= Françoise Blin de Bourdon =

Marie Louise Françoise Blin de Bourdon, SNDdeN (also known as Mother St. Joseph; 8 March 1756 – 9 February 1838) was a French noblewoman and Catholic nun. She is known for being a co-foundress of the Sisters of Notre Dame de Namur.

==Biography==
Françoise Blin de Bourdon was a native of Picardy. Her family belonged to the old nobility of France. She was the youngest child of Viscount Pierre Louis Blin de Bourdon and the Baroness Marie Louise Claudine de Fouquesolles. She received her early training at the home of her maternal grandmother. From the age of six years until she made her First Holy Communion, she attended the school of the Bernardines; she completed her education with the Ursulines of Amiens.

When Françoise was nineteen, she left Gézaincourt for Bourdon, as her parents wished her to make her debut into society. For several years she was one of the gayest members of the brilliant society of her time and was presented at the Court of Louis XVI and Marie Antoinette. For a while the charms of the world dazzled her, but she soon tired of what seemed to her a frivolous, useless life. She became more religiously oriented.

Thus her life passed happily until the Reign of Terror loosed its madness on the land. Early in 1793 her aged father was imprisoned at Amiens; a few months later she herself was dragged from her home by a frantic mob, all in the name of Liberty. She was taken to a house of detention at Amiens where she learned that her father, her brother, his wife, and child were all prisoners. Her entreaties to see them were harshly silenced. Every day a long list of victims was announced for execution. After seven months' imprisonment, she read the names of her father and herself among the proscribed. The day set for their execution was July 29, 1794, but their lives were saved by the fall of Robespierre on the preceding day, As her grandmother had died from the effect of so many horrors, Françoise, after her release from prison, returned to the home of her brother in the Rue des Augustins.

After these experiences, she became even more oriented toward a religious style of life. She found the person who could guide her in Julie Billiart, also of Picardy. Françoise was not at first attracted to Julie and she found her visits embarrassing. This was due to Julie's paralysis, which caused difficulties of speech. Gradually the two women were able to work together on religious projects and became co-workers in the area. They found other women willing to work with them for the church and the poor.

Their first years were not easy, but gradually they recognized a call to unite. In Amiens, the foundation of the Sisters of Notre Dame de Namur was laid in August, 1803. It had for its object the salvation of the souls of poor children. The first members. were Julie Billiart, Françoise Blin, and Catherine Duchatel, a young lady from Rheims. A provisional Rule was drawn up by Father Varin. On the Feast of the Purification, February 2, 1804, they solemnly consecrated themselves to the new Institute. The first 10 branch houses, established before 1816, were all in present day Belgium and in 1809 the headquarters were moved to Namur.

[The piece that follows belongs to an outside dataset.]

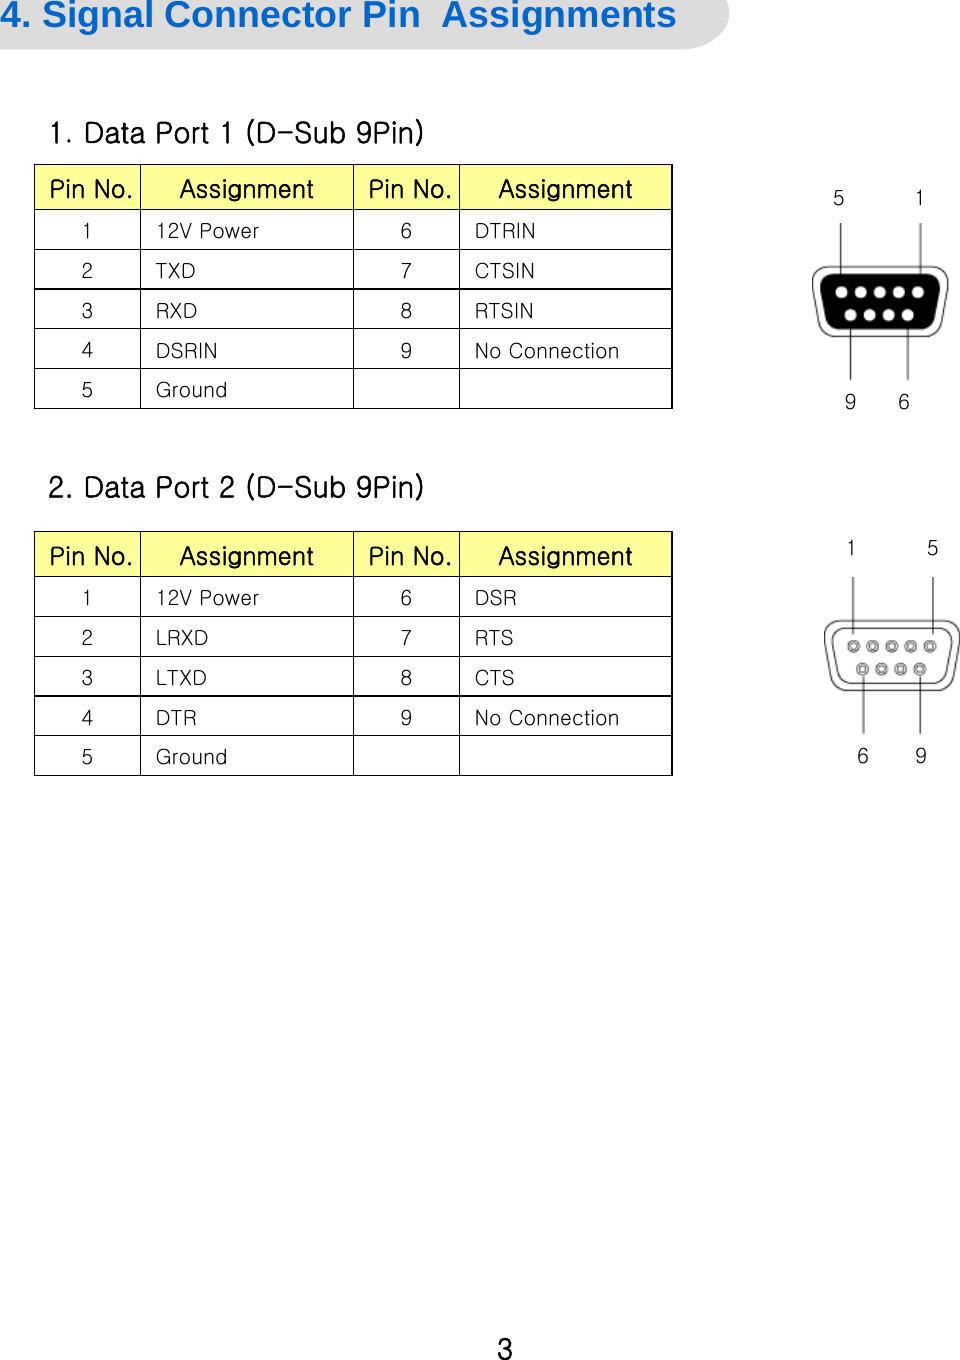 General Specification 4. Signal Connector Pin  Assignments3Ground54321Pin No.DTRIN612V PowerRTSIN8RXDNo Connection9DSRINCTSIN7TXDAssignmentPin No.Assignment1. Data Port 1 (D-Sub 9Pin)2. Data Port 2 (D-Sub 9Pin)Ground54321Pin No.DSR612V PowerCTS8LTXDNo Connection9DTRRTS7LRXDAssignmentPin No.Assignment15695196

In 1816 Julie Billiart died, and her position as head of the Sisters of Notre Dame was taken over by Blin de Bourdon, or Sr. St. Joseph, as she was known among the Sisters. Between 1815 and 1830 Belgium was part of the Netherlands, and William I of the Netherlands had imposed restrictions on teaching institutions, which Sr. St. Joseph diligently followed to save the institute. During his tour in 1829, King William visited the establishment at Namur and was so pleased that he gave the Mother General Dutch citizenship. She founded houses at Thuin, 1817; Namur Orphanage, 1823; Hospital St. Jacques, 1823; Verviers, 1827; Hospital d'Harscamp; and Bastogne, 1836 – which had been for the past thirty years a state normal school; Philippeville, 1837. The Revolution of 1830 and the assumption of the crown of Belgium by Leopold of Saxe-Gotha had put an end to petty persecutions of religious.

The most important work of Mother St. Joseph's generalate was the compiling and collating of the Rules and Constitution of the Sisters of Notre Dame. She left an explanation of the Rules, the particular rule of each office, and the Directory and Customs. She had preserved a faithful record of all that Mother Julie had said or written on these points. She also drew up a system of instruction based upon that of St. John Baptist de La Salle for the French Brothers of the Christian Schools. Mother St. Joseph was twice re-elected superior-general, the term being at first fixed at ten years. To give greater stability to the government of the institute, a general chapter unanimously approved extension to life-tenure for the office of superior-general.

Mother St. Joseph continued her work as head of the Sisters of Notre Dame until her death in 1838. Her great work was the compiling and collation of the Rules and Constitutions of the Sisters of Notre Dame. Its basic principles lasted until the changes of the Second Vatican Council.